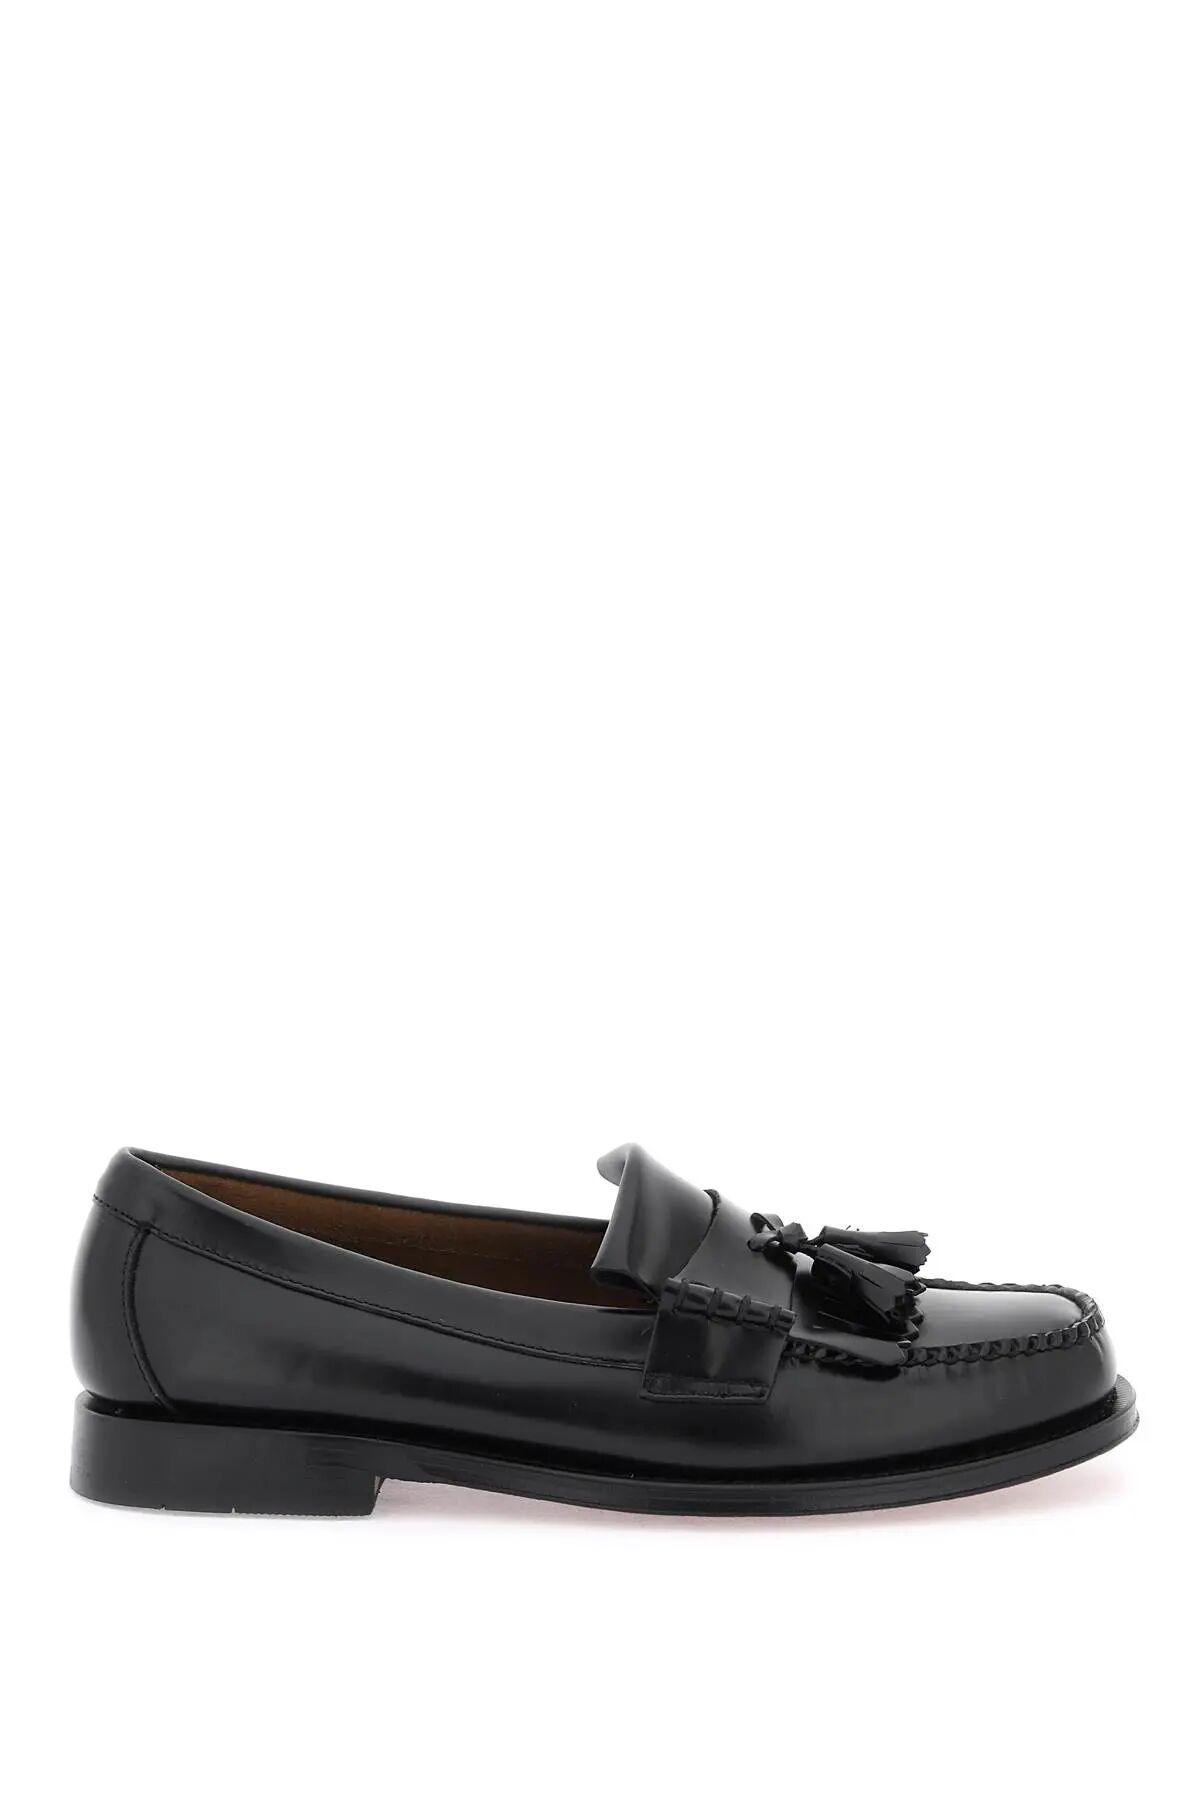 G.H. BASS Esther Kiltie Weejuns loafers  - Black - male - Size: 42
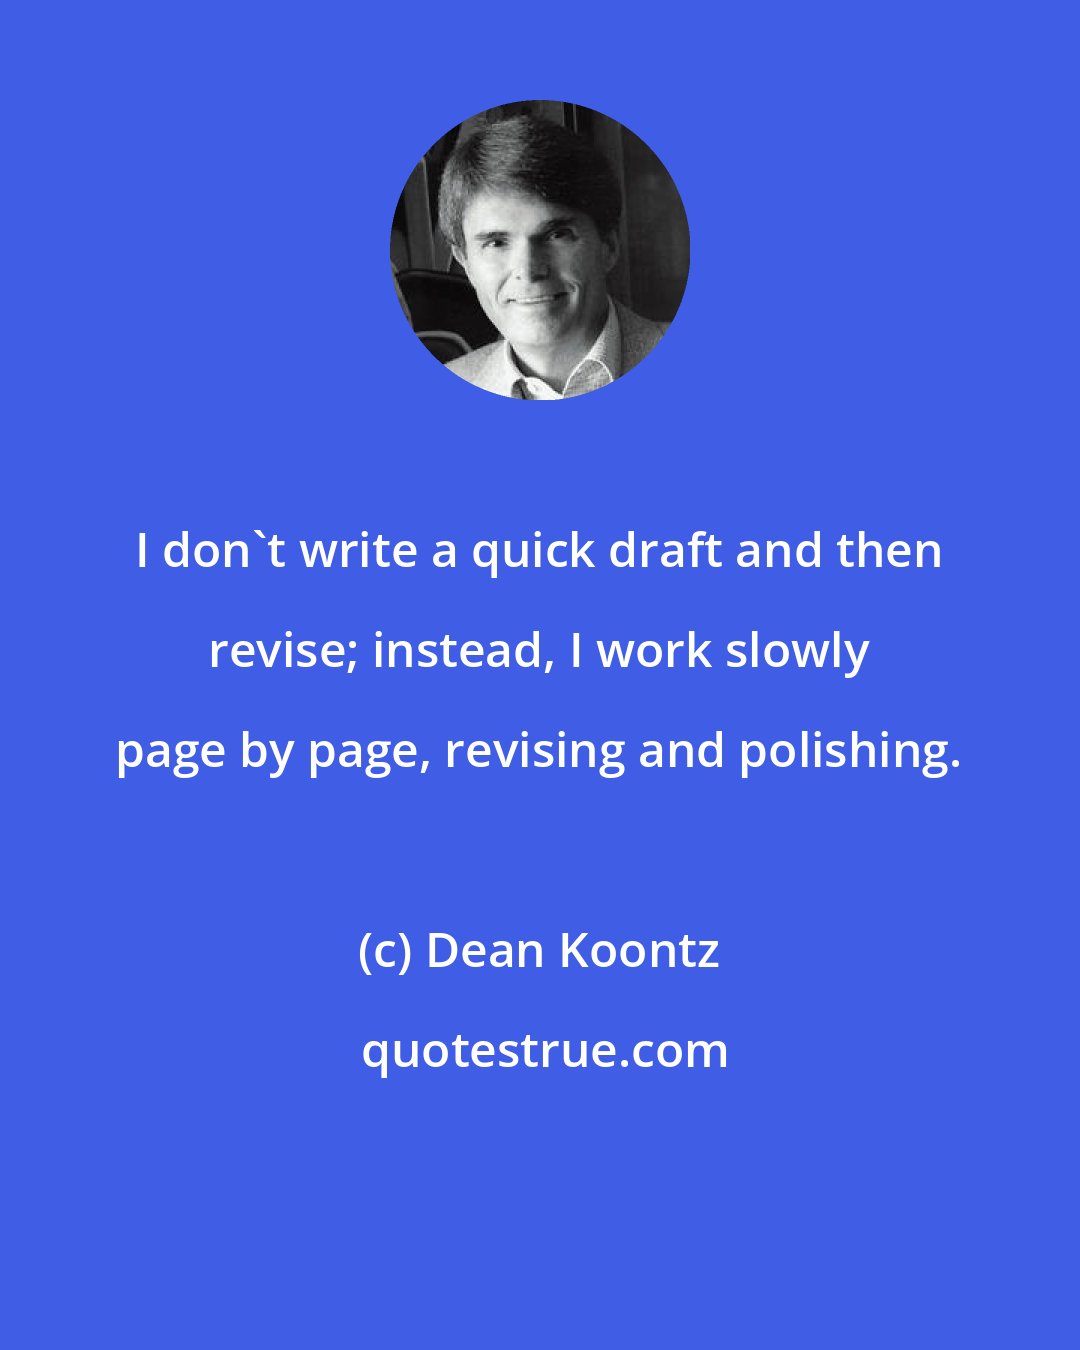 Dean Koontz: I don't write a quick draft and then revise; instead, I work slowly page by page, revising and polishing.
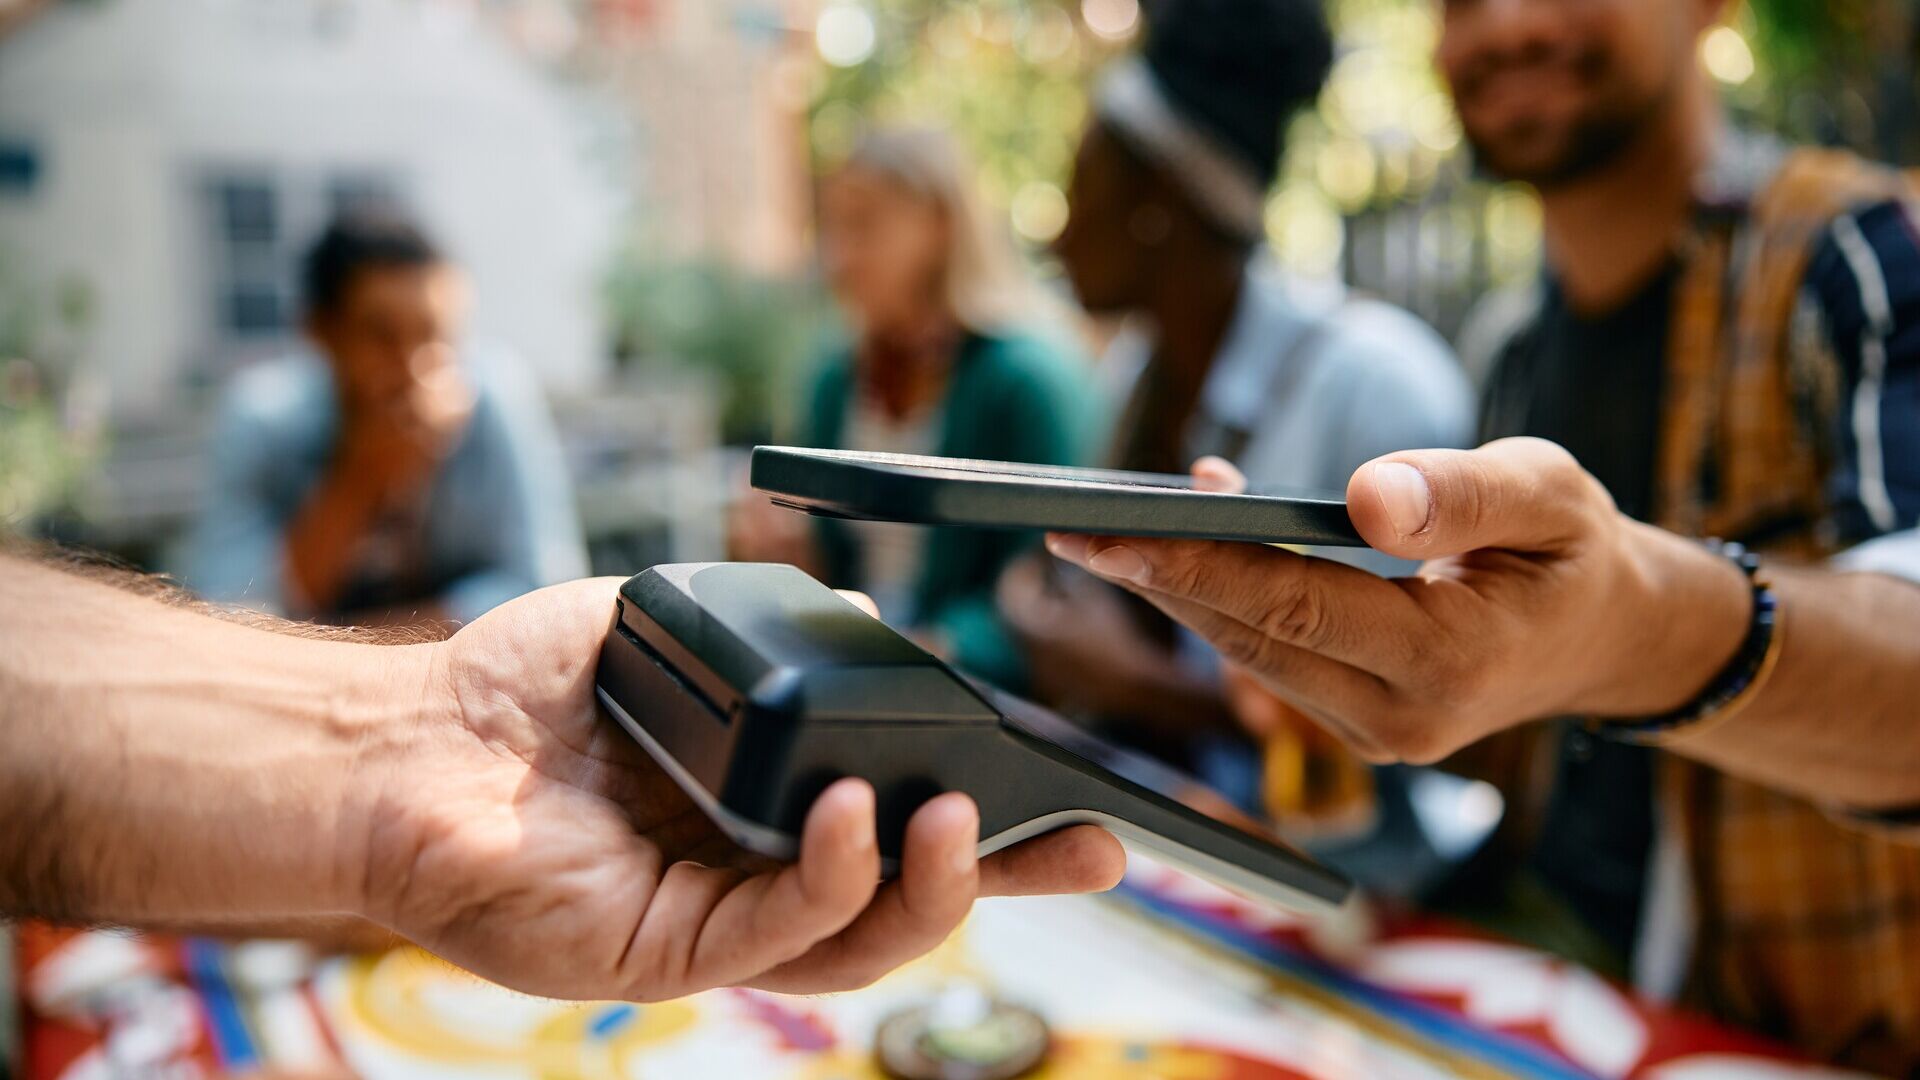 Mobile payments: Compared to countries like China or the USA, the infrastructure for mobile payments is not sufficiently developed in the Federal Republic of Germany
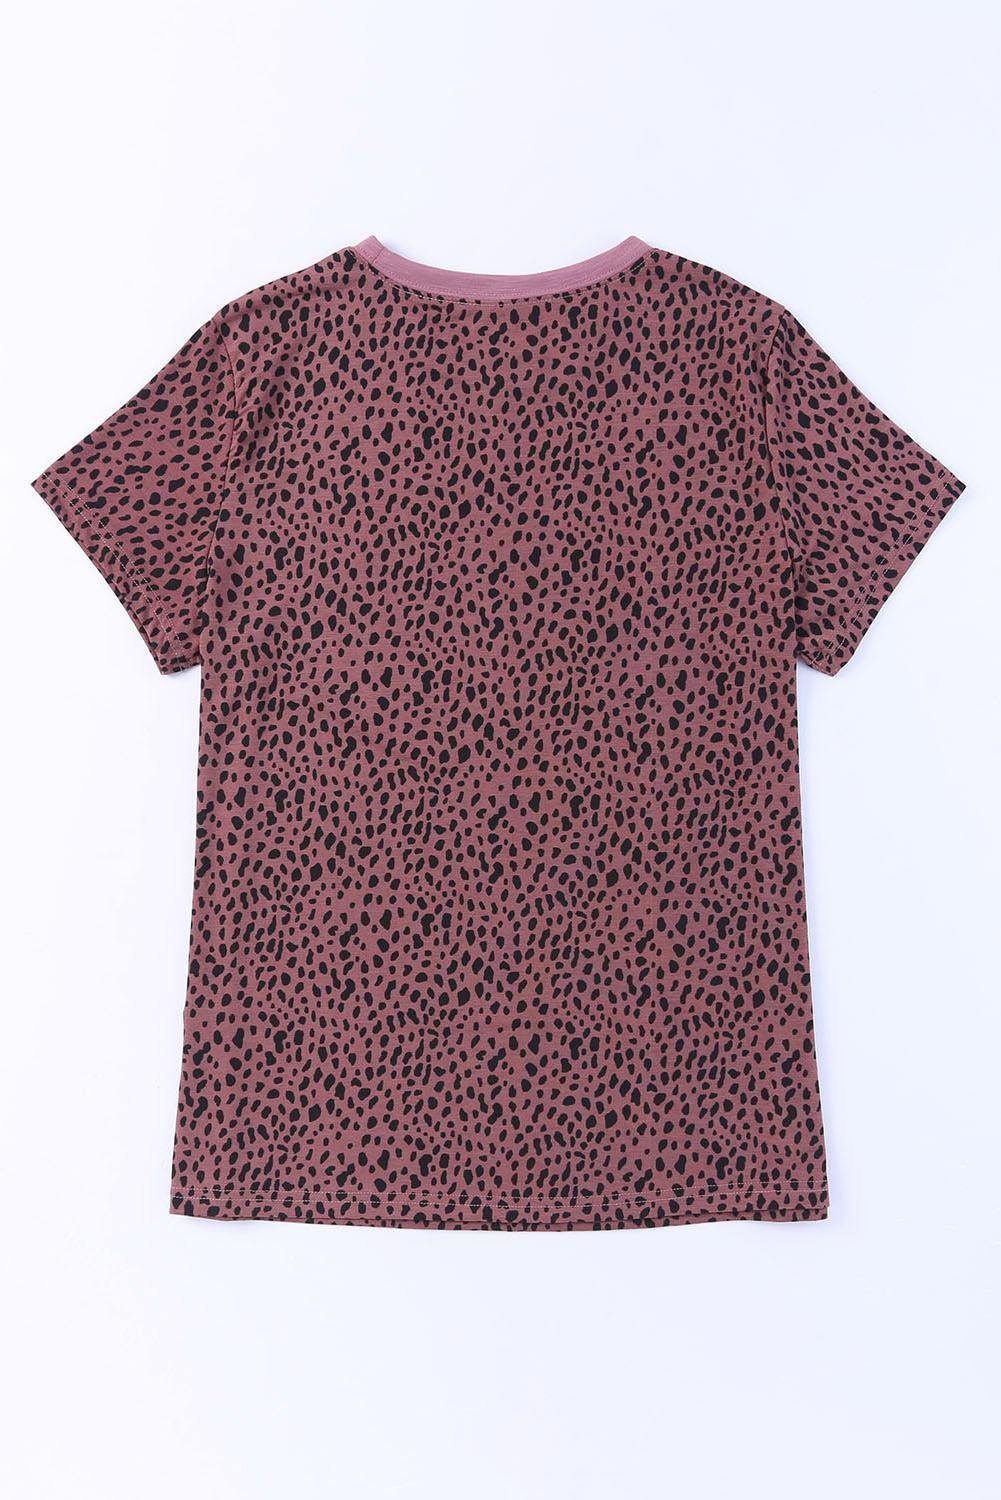 a t - shirt with a pink and black animal print
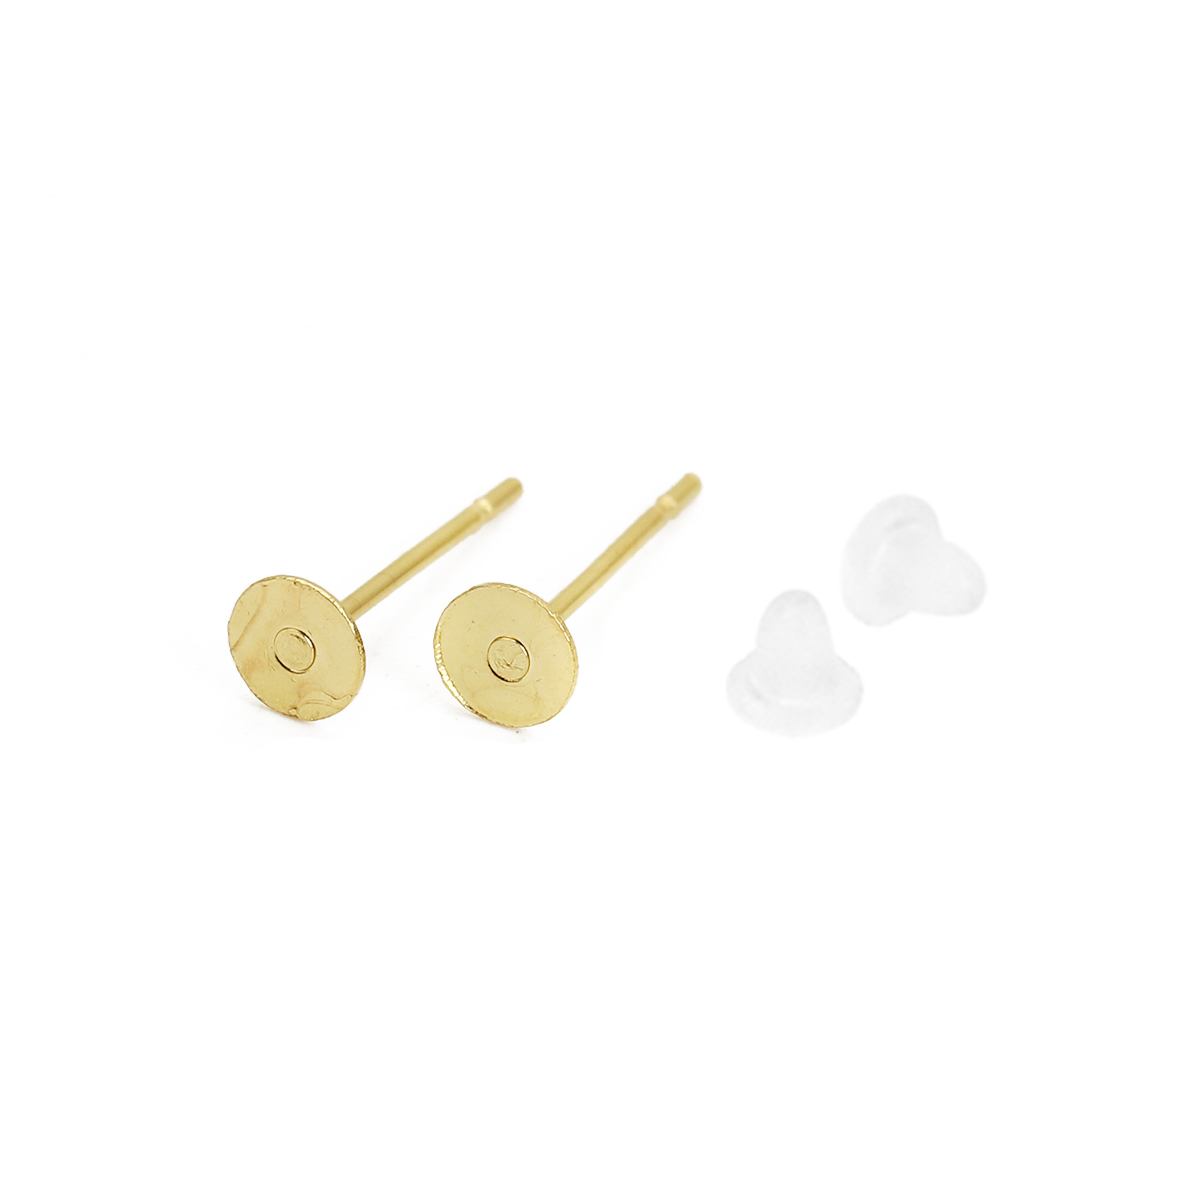 Picture of 304 Stainless Steel Glue-On Ear Post Stud Earrings Round Gold Plated (Fits 4mm Dia.) 4mm( 1/8") Dia., Post/ Wire Size: (21 gauge), 50 PCs
--------------------------------------------------
How to complete this task: Write out, with no pictures, only the lines from the line containing "a t - shirt" through the last line of the listing above, exactly and with both ends included.

Reply to the exercise:
 a t - shirt with a pink and black animal print
 Picture of 304 Stainless Steel Glue-On Ear Post Stud Earrings Round Gold Plated (Fits 4mm Dia.) 4mm( 1/8") Dia., Post/ Wire Size: (21 gauge), 50 PCs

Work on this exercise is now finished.